We know $|x_k - x_k| = |\frac{j}{j+1}- \frac{k}{k+1}| \leq |\frac{j}{j+1}| + |\frac{k}{k+1}| \leq \frac{1}{n}$

So really we can say $\frac{j}{j+1},\frac{k}{k+1} < \frac{1}{2n}$ Now to find $m$ we need to solve for $j$ or $k$.
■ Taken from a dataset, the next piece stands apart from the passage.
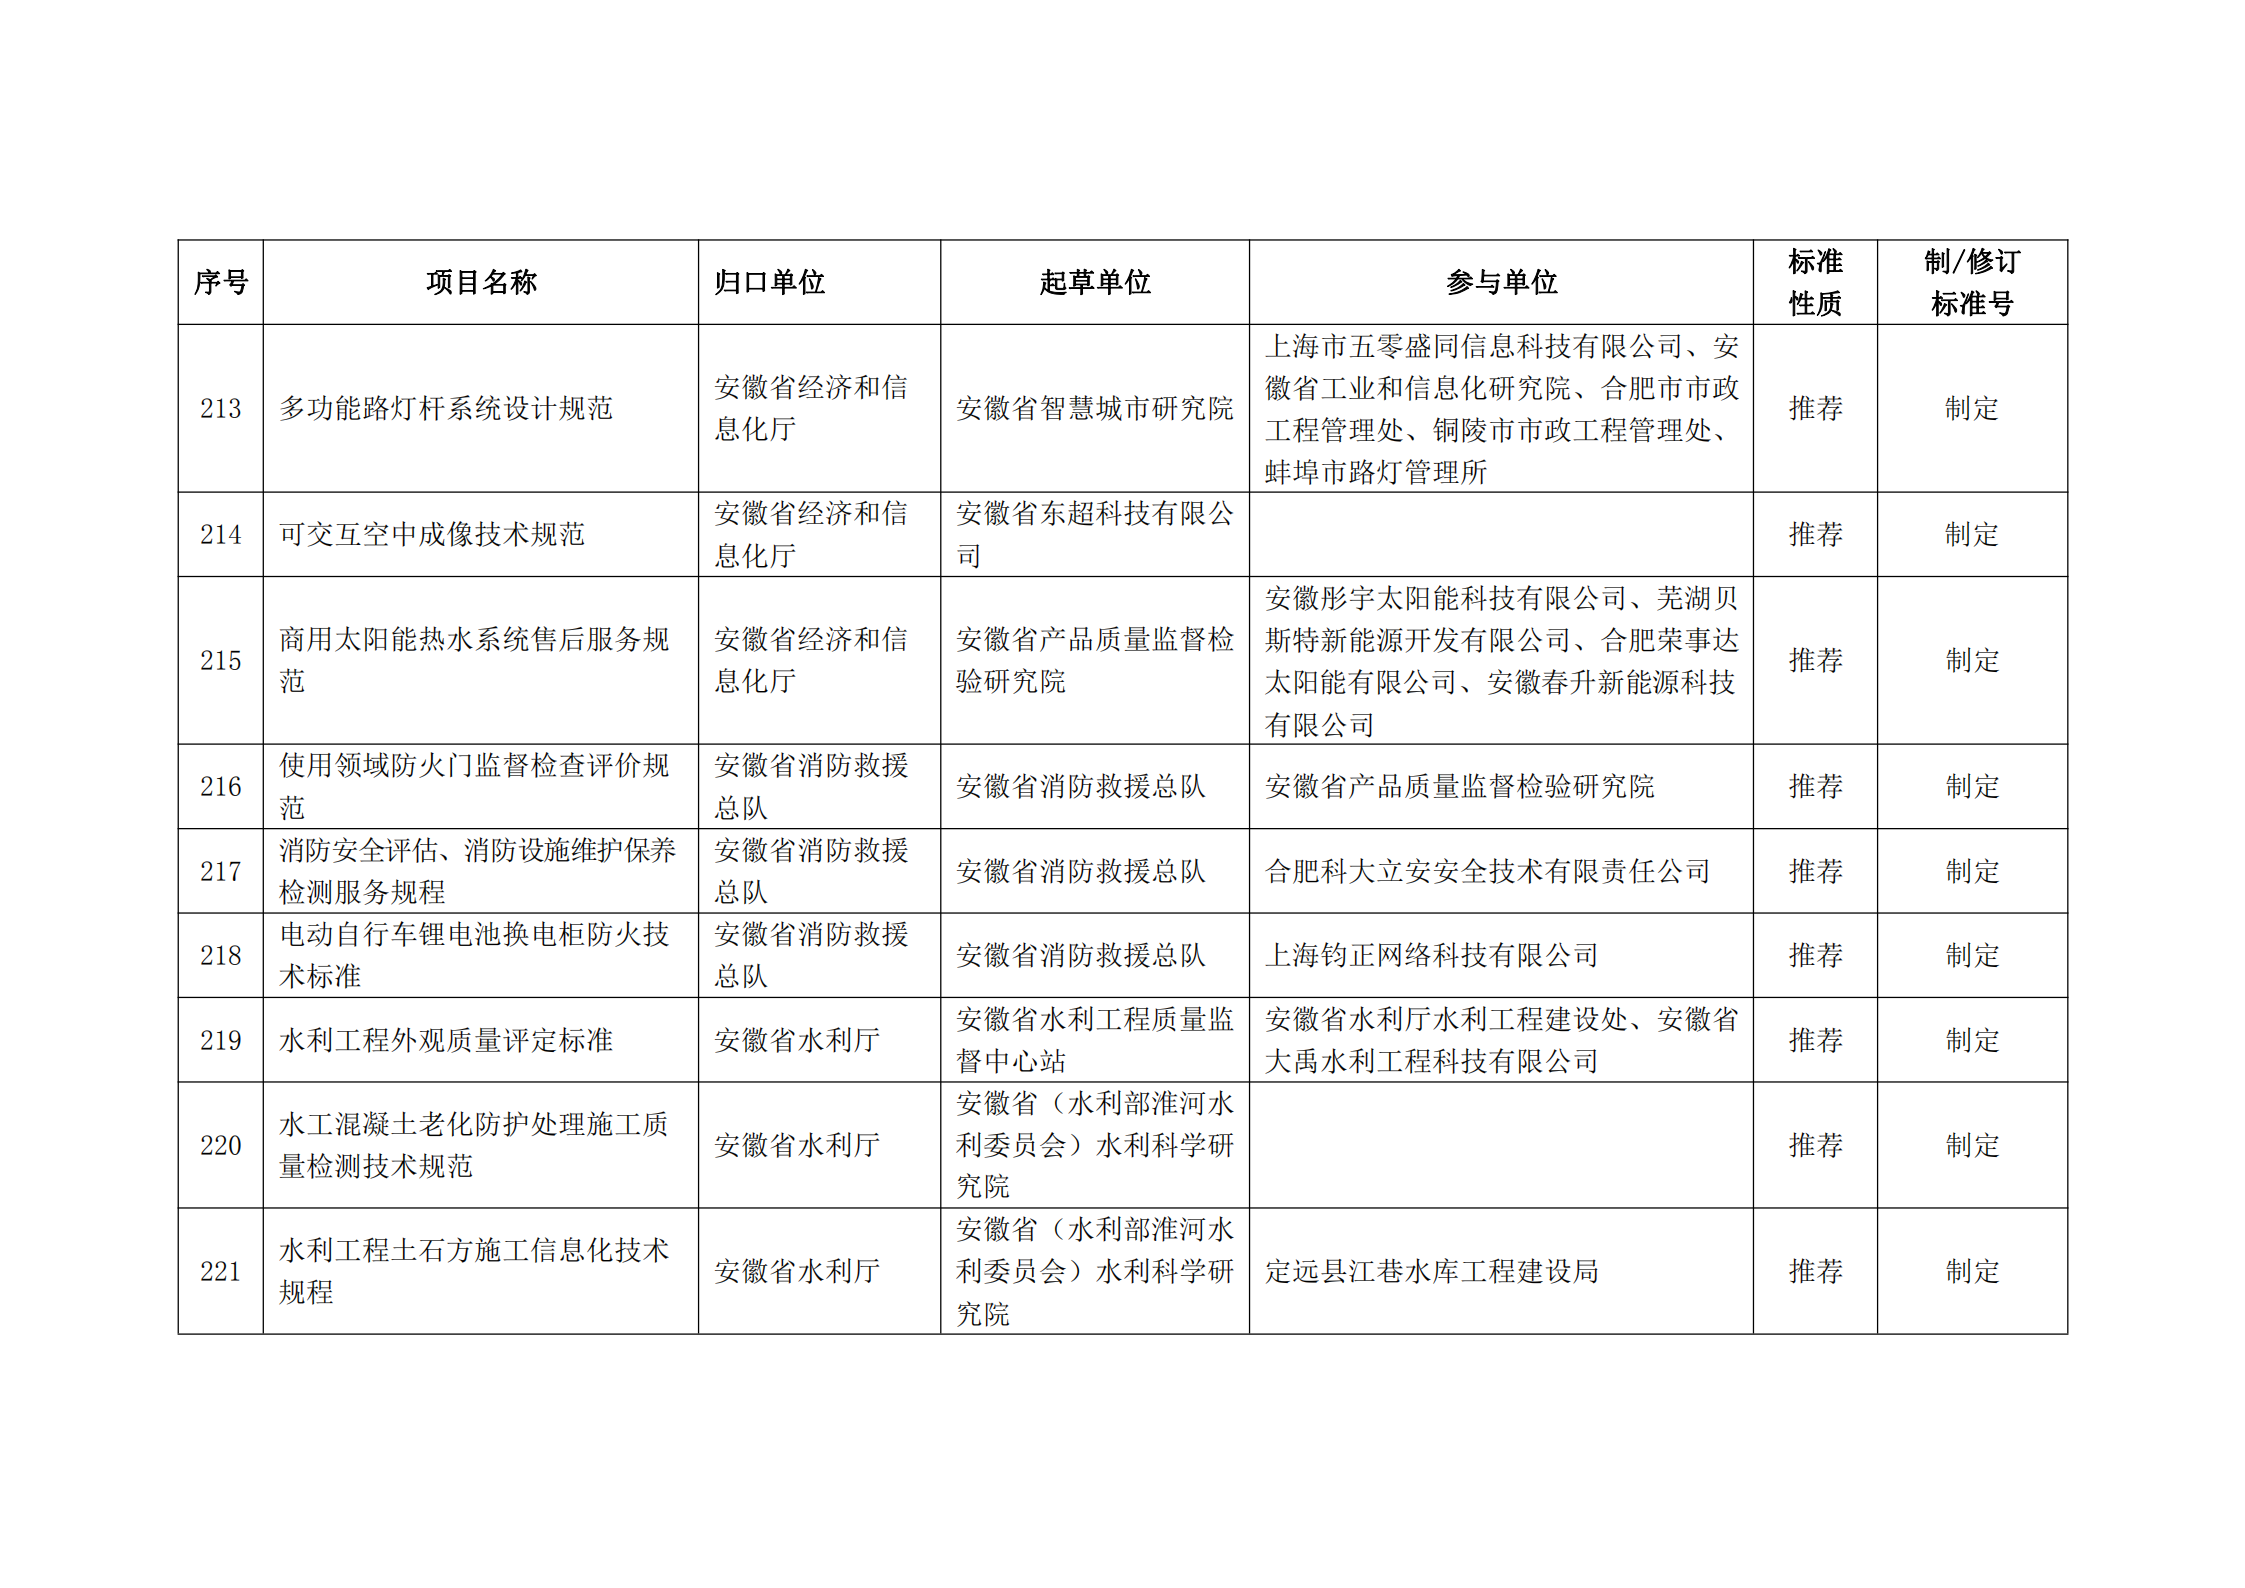 2020 年第二批安徽省地方标准制、修订计划项目汇总表(图24)

We have, $$\frac{k}{k+1} = \frac{1}{2n}$$

$$\implies k= \frac{1}{2n-1}$$ So let m = $\frac{1}{2n-1}$ then $k,j > \frac{1}{2n-1}$ and $0 < \frac{k}{k+1},\frac{j}{j+1} < \frac{1}{2n-1}$

$$\frac{1}{n} > \frac{k}{k+1}+\frac{j}{j+1} \geq |\frac{k}{k+1}| + |\frac{j}{j+1}| \geq |\frac{k}{k+1} - \frac{j}{j+1}|$$

So really I am asking for help because I want to know if my approach works or not. I know there are other ways to approach the problem and get a solution. Is this a valid solution? I am missing a step or am I approaching the problem in the wrong way.

Answer 1

Your approach has problems. For example the inequality $$|\frac{j}{j+1}| + |\frac{k}{k+1}| \leq \frac{1}{n}$$

is not valid for large values of $j$ and $k$

You may try the following approach. $$|\frac {m}{m+1} - \frac {n}{n+1}|= \frac {|m-n|}{(m+1)(n+1)}\le$$

$$\frac {m}{mn}=\frac {1}{n}$$

So you make the difference of terms less than $\epsilon$ if you choose $m$ and $n$ larger than $\frac {1}{\epsilon}$

Answer 2

I'm not sure about your approach. We would like to make $|x_j - x_k|$ arbitrarily close to zero. Although we have $|x_j - x_k| \leq |\frac{j}{j+1}| + |\frac{k}{k+1}|$, notice that we can't make this upper bound arbitrarily close to zero. The bound I think you want is $|x_j-x_k| \leq \frac{1}{j} + \frac{1}{k}$. Convince yourself that this is true. Now given $\epsilon > 0$, can you find a natural number $M$ such that this upper bound is less than $\epsilon$ for $j,k > M$?

Answer 3

Very simply,

$\begin{array}\\ |x_j - x_k| &= |\frac{j}{j+1}- \frac{k}{k+1}|\\ &= |(1-\frac{1}{j+1})- (1-\frac{1}{k+1})|\\ &= |-\frac{1}{j+1}+\frac{1}{k+1}|\\ &\le |\frac{1}{j+1}|+|\frac{1}{k+1}|\\ &\lt 2|\frac{1}{\min(j, k)}|\\ &\to 0 \qquad\text{as } \min(j, k) \to \infty\\ \end{array} $

In general, if $x_k \to L$ as $k \to \infty$, then, for any $c > 0$, there is an $n(c)$ such that $|x_n-L| < c$ for $n > n(c)$.

Therefore, for any $c > 0$, for $j, k > n(c/2)$

$\begin{array}\\ |x_k - x_j| &= |(x_k-L)-(x_j-L)|\\ &\le |(x_k-L)|+|(x_j-L)|\\ &\lt (c/2)+c/2)\\ &= c\\ \text{so}\\ |x_k - x_j| &\to 0\\ \end{array} $